Questo ci dice che il saper raccontare le storie degli altri è importante tanto quanto il saperle ascoltare, e quindi, come nel caso dei giornalisti e degli operatori della comunicazione, raccontare una storia, significa vestire di un abito preciso il protagonista. Abito, che probabilmente porterà a lungo, come nelle storie dei medici e degli infermieri di questi ultimi mesi, ma anche come la storia dei tre ragazzi, diventati adulti in carcere, raccontata qui sopra. Perché purtroppo, «nella storia serpeggia il male».

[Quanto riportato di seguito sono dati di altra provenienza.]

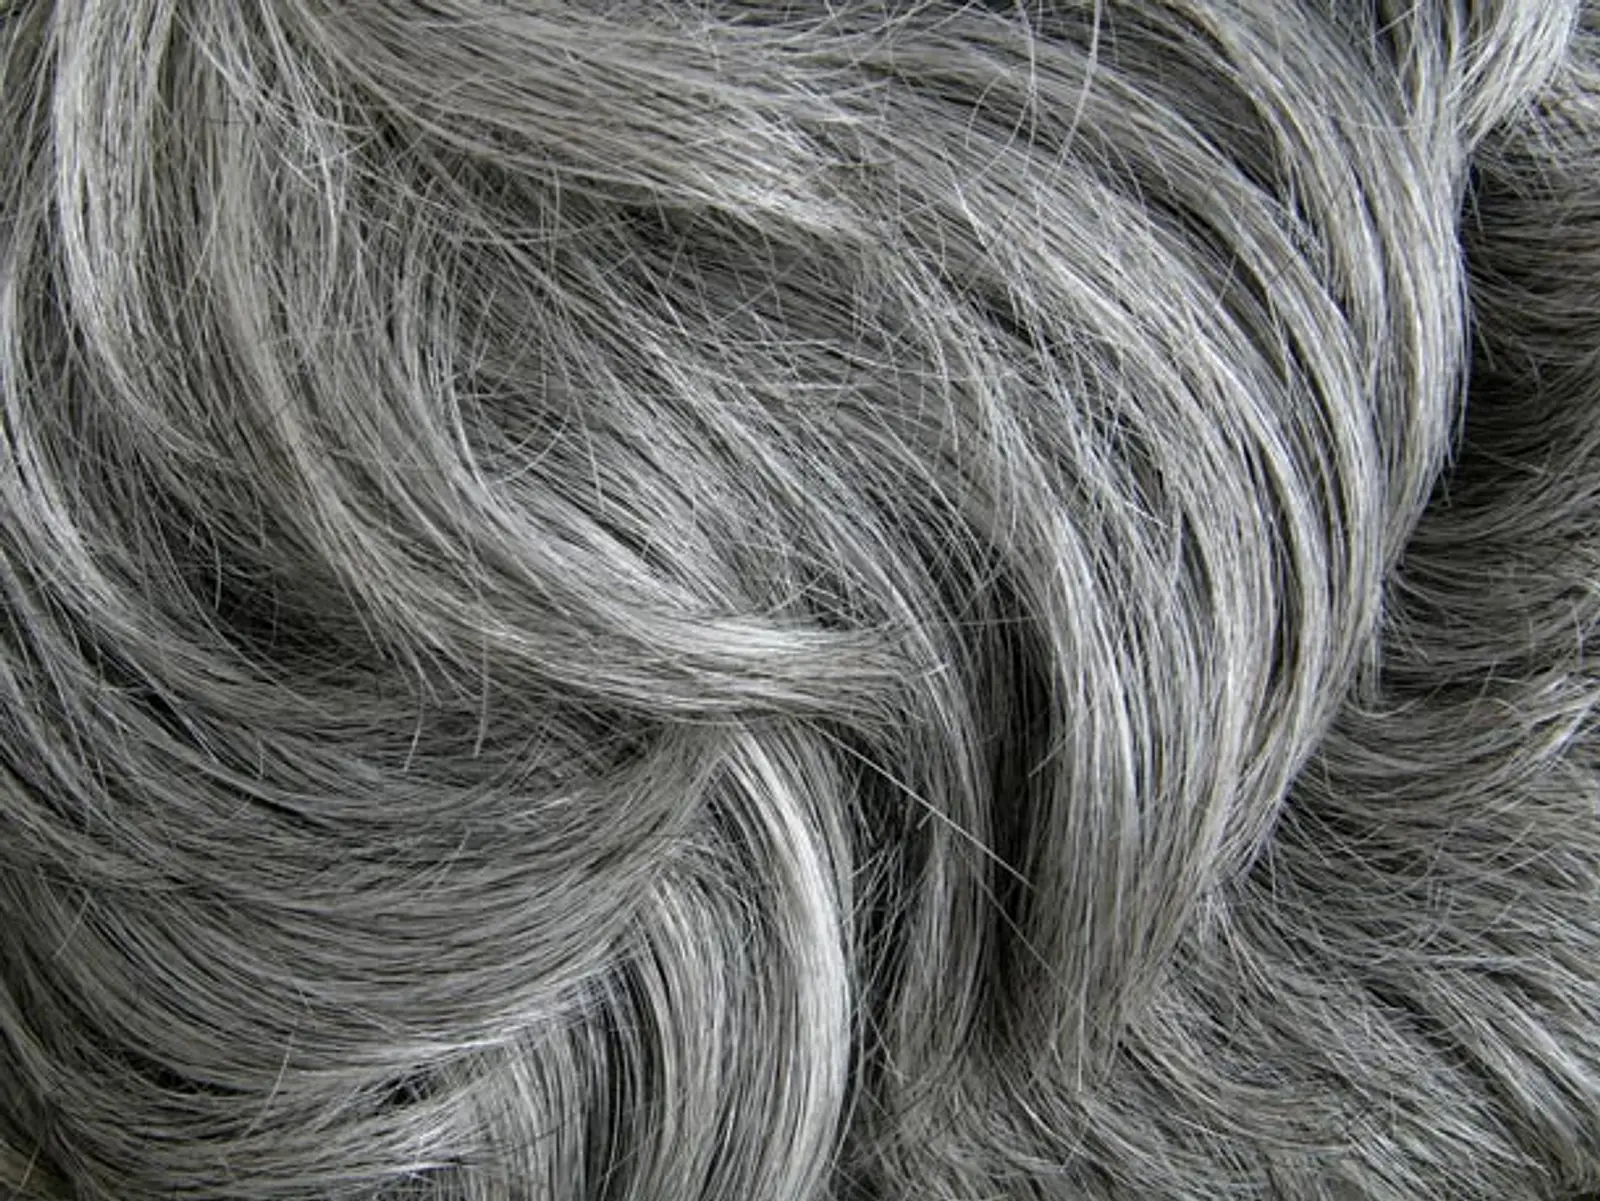 Wie oft graue haare tönen

Questo è il senso del messaggio di papa Francesco per la 54a Giornata mondiale delle comunicazioni sociali, dal titolo: “Perché tu possa raccontare e fissare nella memoria. La vita si fa storia”. «Spesso decidiamo che cosa sia giusto o sbagliato in base ai personaggi e alle storie che abbiamo assimilato. I racconti ci segnano, plasmano le nostre convinzioni e i nostri comportamenti, possono aiutarci a capire e a dire chi siamo».

Le nostre storie, fanno tutte riferimento alla Storia, al racconto della vita che vince la morte, un racconto che però non è unidirezionale. Come dice Francesco, infatti, «raccontare a Dio la nostra storia non è mai inutile: anche se la cronaca degli eventi rimane invariata, cambiano il senso e la prospettiva. Raccontarsi al Signore è entrare nel suo sguardo di amore compassionevole verso di noi e verso gli altri. A Lui possiamo narrare le storie che viviamo, portare le persone, affidare le situazioni».

Le storie ci permettono, per pochi istanti, di svestire i nostri panni e di indossare quelli dei protagonisti, in una sorta di scambio empatico per provare a capire come ci si sente in un’altra condizione. Questo capita con le principesse per capire quanto si è importanti per i genitori (non è solo vanità!), da adolescenti con i personaggi “famosi”, per imparare a capire cosa e come mostrare la nostra vita agli altri. Una volta diventati grandi, questo accade con le persone che decidiamo di prendere coscientemente come modello: un professionista del mestiere che vorremmo intraprendere, un politico, un cantante o, se siamo fortunati, un Santo.

Per questo leggere le storie dei Santi è fondamentale: in questa “empatia” creata dalla narrazione siamo in grado, mentre viviamo la nostra vita, di chiederci: «Come si sarebbe comportato in questa occasione?», che poi vuol dire: «Come si sarebbe comportato Gesù in questo caso?».

Proprio così, perché quella Storia è il riferimento per le nostre storie e il nostro compito di battezzati è proprio quello di trovare il modo più adatto a chi ascolta, di raccontare quella Storia, perché possa essere ascoltata, compresa e diventare relazione con il Salvatore. Altro che principe azzurro!